Designed for Failure
Kirby's Korner · September 3, 1999

Some day, every one of us is going to own a Web site.

That, at least, was the promise of the Web when it first started. Before it became overly commercialized, people talked about the Web as a way to share interests and knowledge among everyday folk, on topics ranging from hobbies to family life.

We still see much of this today, with every major Web portal from America Online to Excite rushing to let members put up their own sites. Some companies -- GeoCities, now owned by Yahoo!, to name one -- have made a business of doing nothing else.

But before we get too far down this path, we all need to think carefully about how we'll handle inevitable issues of design and communication that pop up. In many ways, the Web today is not a pretty place.

A number of events got me thinking about this subject this week. There was an argument at work over the practice of many companies, churches, and organizations buying desktop publishing software for people without any design training or awareness and expecting crisply, professionally produced results.

There was a visit to online retailer eBags, which lists product categories in blue type on a Navy background -- a scheme that looks fine on my Gateway monitor at home but was unreadable on a Macintosh monitor at work.

And a colleague forwarded to me the Web address of a page from the Canadian Canoe site. It discusses travel Web sites and human interface issues, but uses "high ASCII" characters to do so without translating the characters into standard HTML characters, making the article nearly unreadable by the end.

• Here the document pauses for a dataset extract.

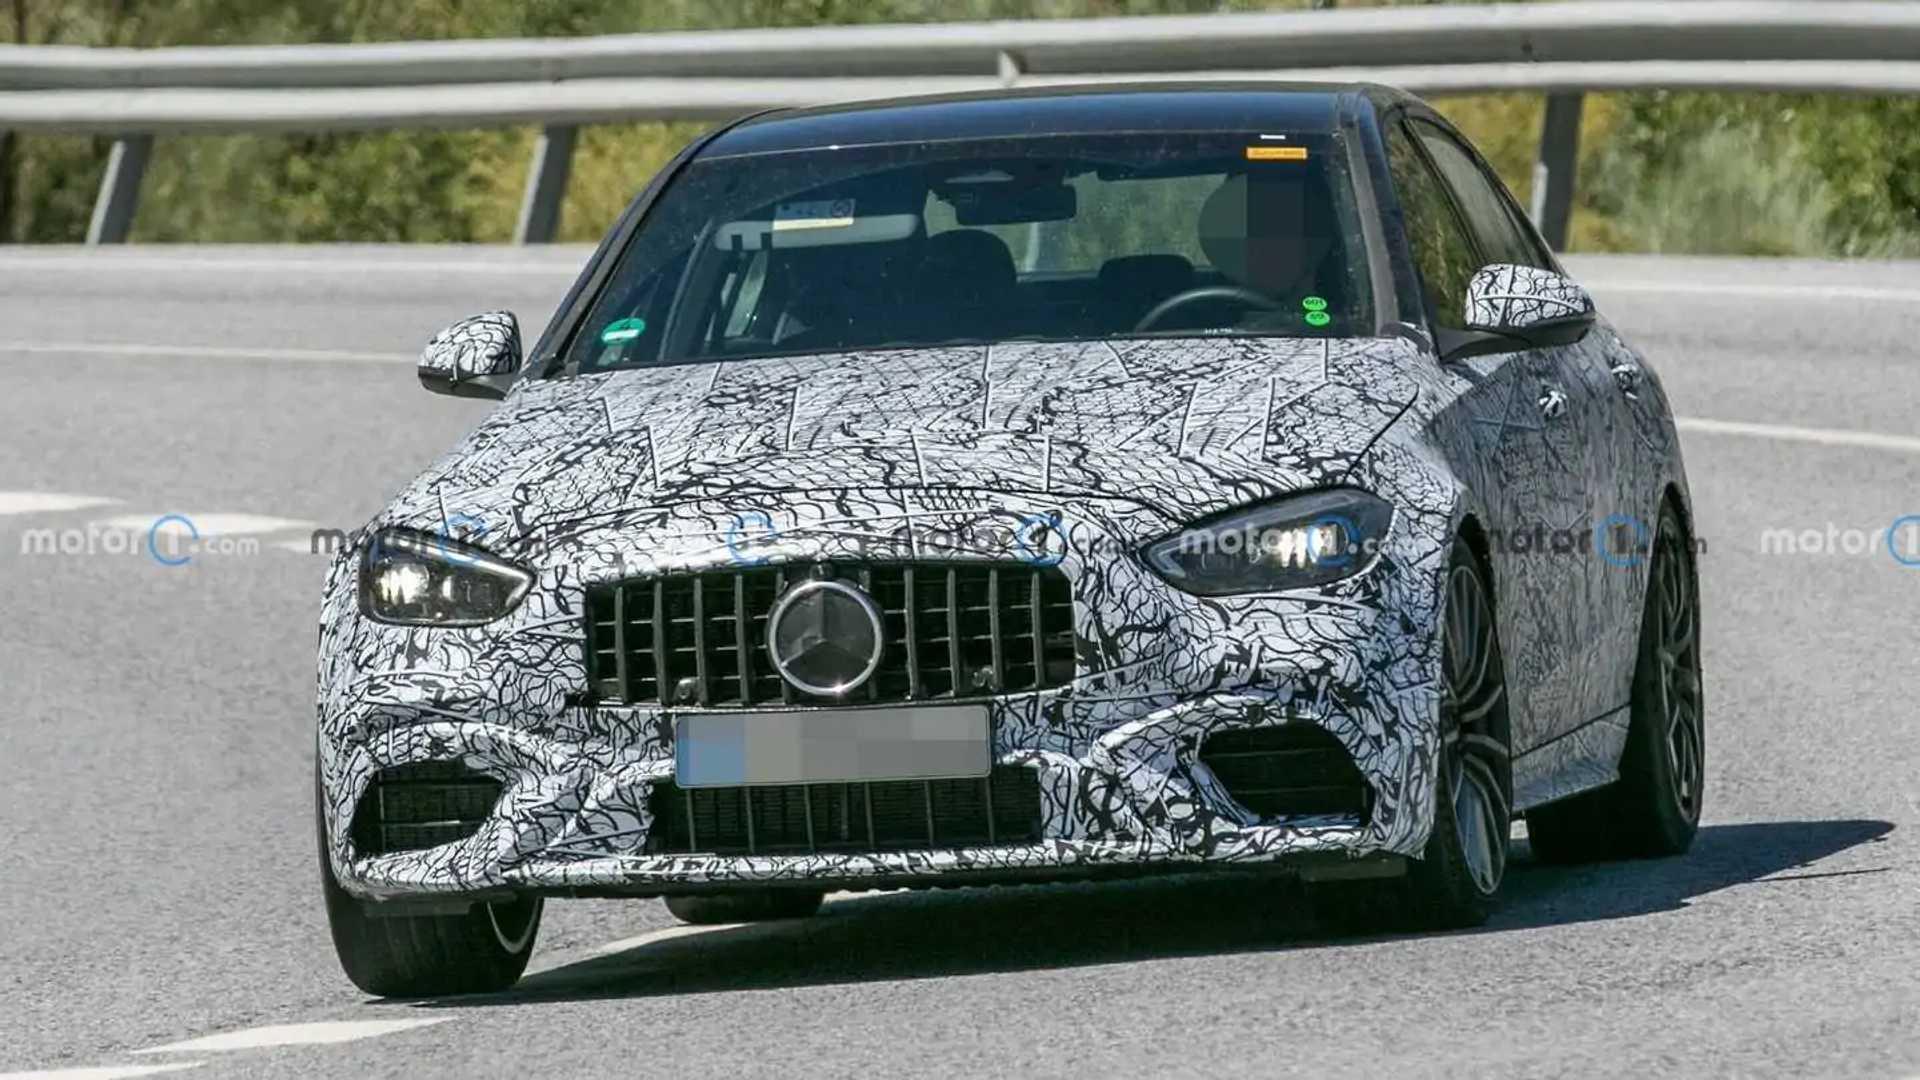 Foto espía del sedán Mercedes-AMG C63 2022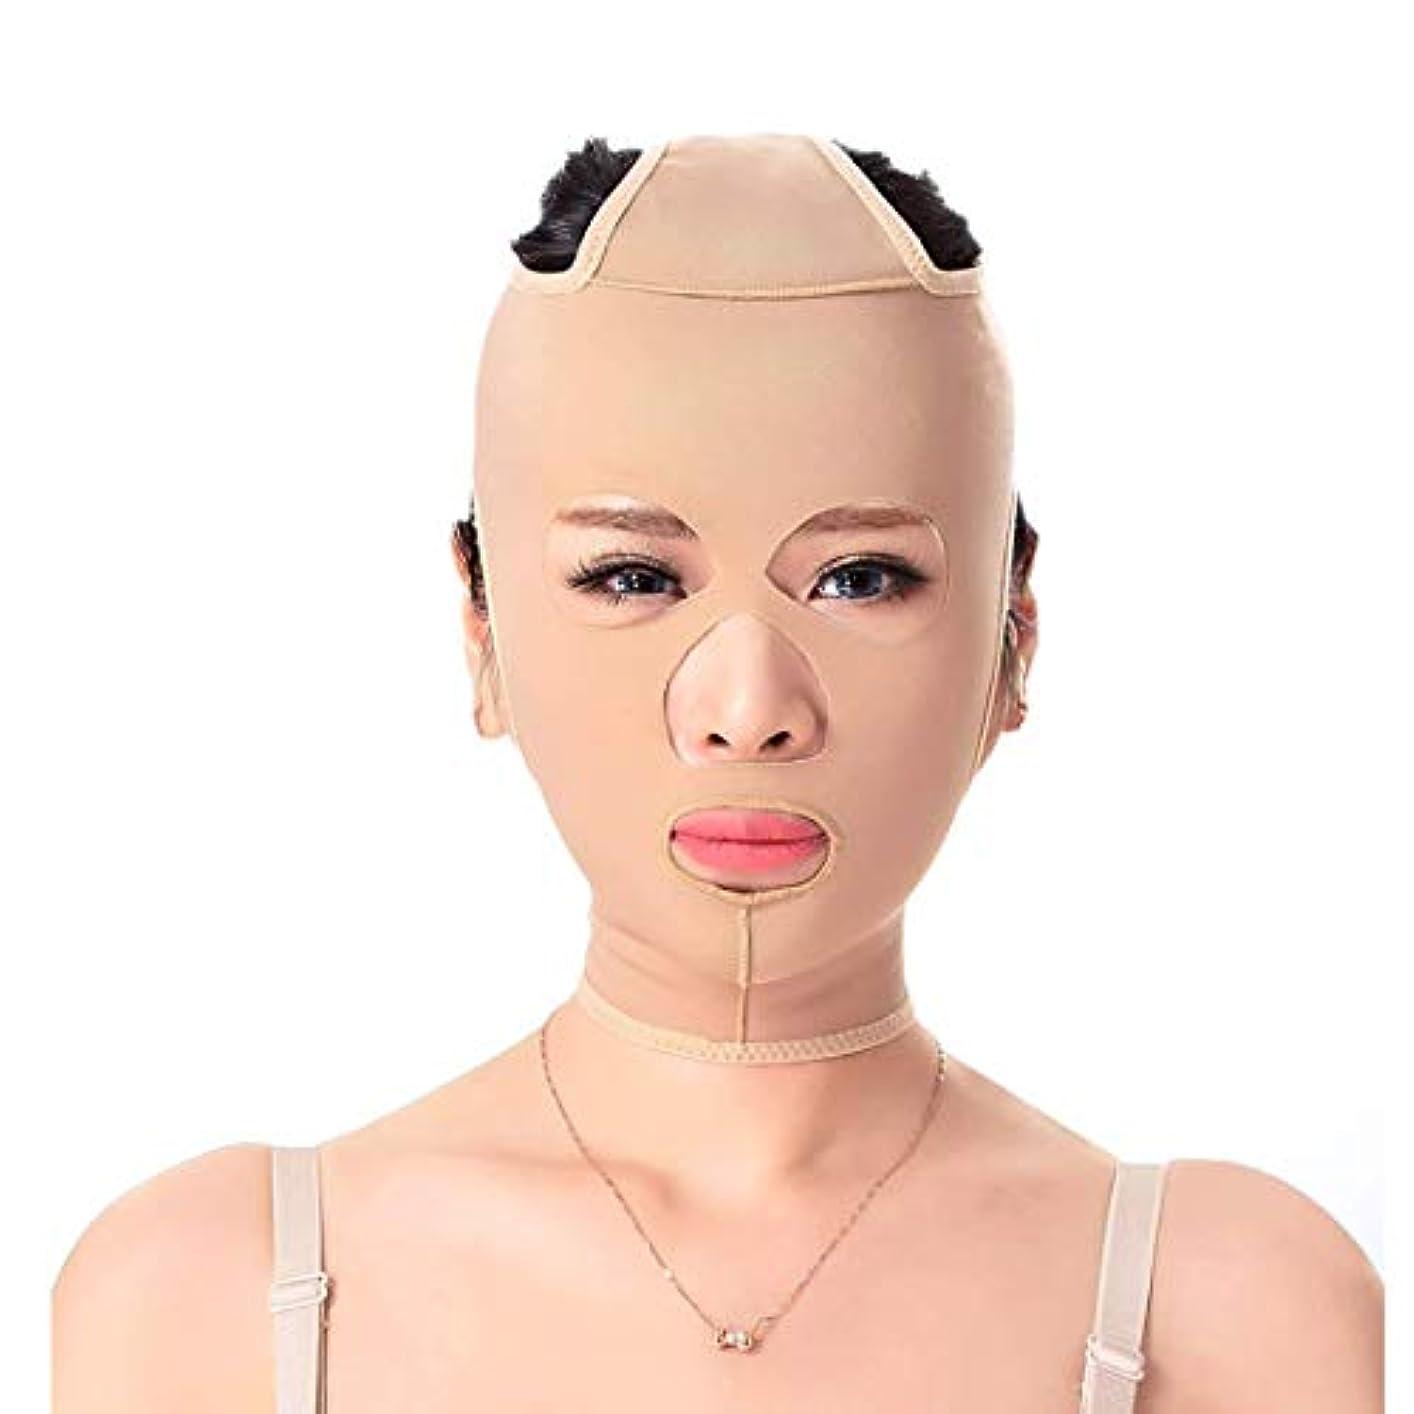 発明する遺産検証スリミングベルト、二重あごの引き締め顔面プラスチック顔アーティファクト強力な顔の包帯を脇に持ち上げるパターンを欺くためのフェイシャルマスク薄いフェイスマスク(サイズ:XXL),ザ?

Everywhere you turn on the Web you can find something to dislike, whether simple design issues or decisions made about a site's approach that are simply irritating. Take the American Airlines Web site. If you're not a member of the company's AAdvantage frequent flier plan, you don't feel welcome at the site.

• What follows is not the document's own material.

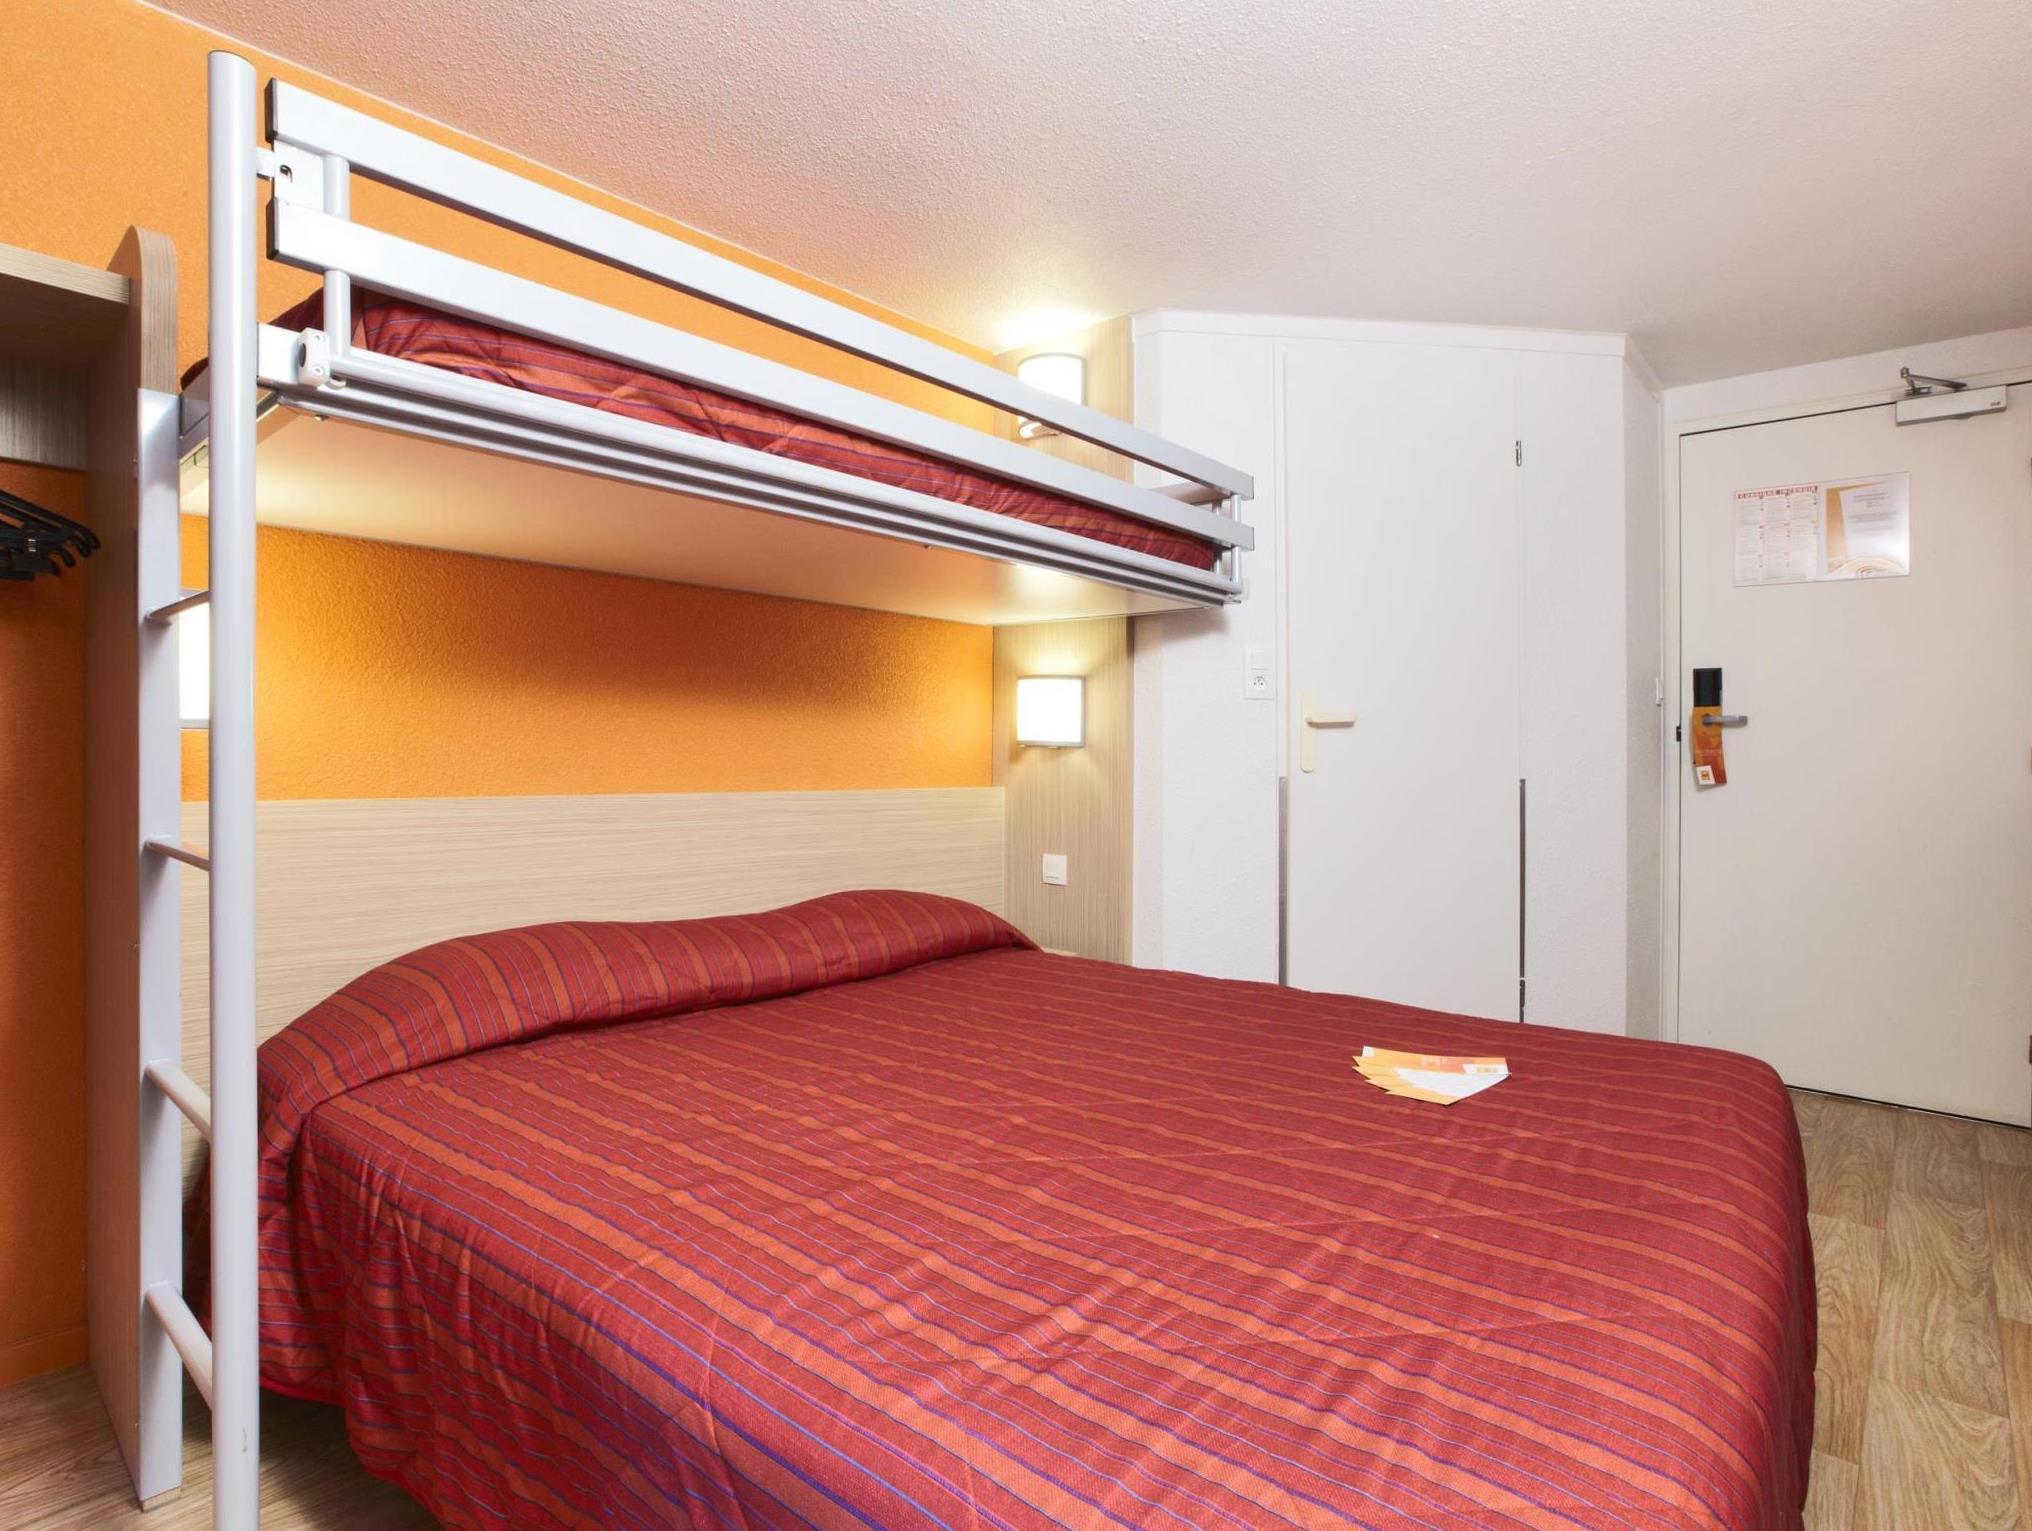 Premiere Classe Paris Montreuil Hotel, Seine-Saint-Denis

Or take the Web site for the giant travel agency Rosenbluth International. It has one of those opening screens that serves no purpose; a Rosenbluth logo turns into a globe, and then the site automatically transfers you to where the real information starts.

(Sometimes this type of design is used to load Java or ActiveX applets, or scripts, in the background; that doesn't appear to be the case at Rosenbluth.)

Using the press release services PR Newswire and BusinessWire can be a chore. Both continually reload an advertisement from the same handful of choices each time you move to a new page. The ads aren't cached, requiring a completely new download with each click. Worse yet, the ads have nothing to do with the topic of the page being examined, insuring that only by the luck of the draw will the ad be of any interest to the person doing the looking.

I can't begin to count the number of times I have sent e-mail to a Web site -- using the only contact method the site provides -- asking for information in preparation for an article, only to never receive a response. (Soon after its site went live, I e-mailed the Disney site. A year later, almost to the day, I received a response. I'm still waiting on others.)

Let me be fair. There are sites around I like. I use the Internet Travel Network site for bookings because it started with a clean, simple approach and has not changed. Other booking engines have improved since they started, but I haven't seen a need to change.

And as much as I preach "simpler is better," I can be swayed. One of the most technologically challenging Web sites ever devised was Microsoft's Mungo Park, which required browser plug-ins of every type imaginable to take visitors on adventure travel around the world. But the site's content was worth the effort needed to view it, something that can't be said of many high-tech efforts.

Still, Mungo Park failed. With high costs for technology and high costs for travel to exotic locales, Microsoft couldn't attract the advertising necessary to support the site. Even Microsoft, it appears, can learn a lesson or two.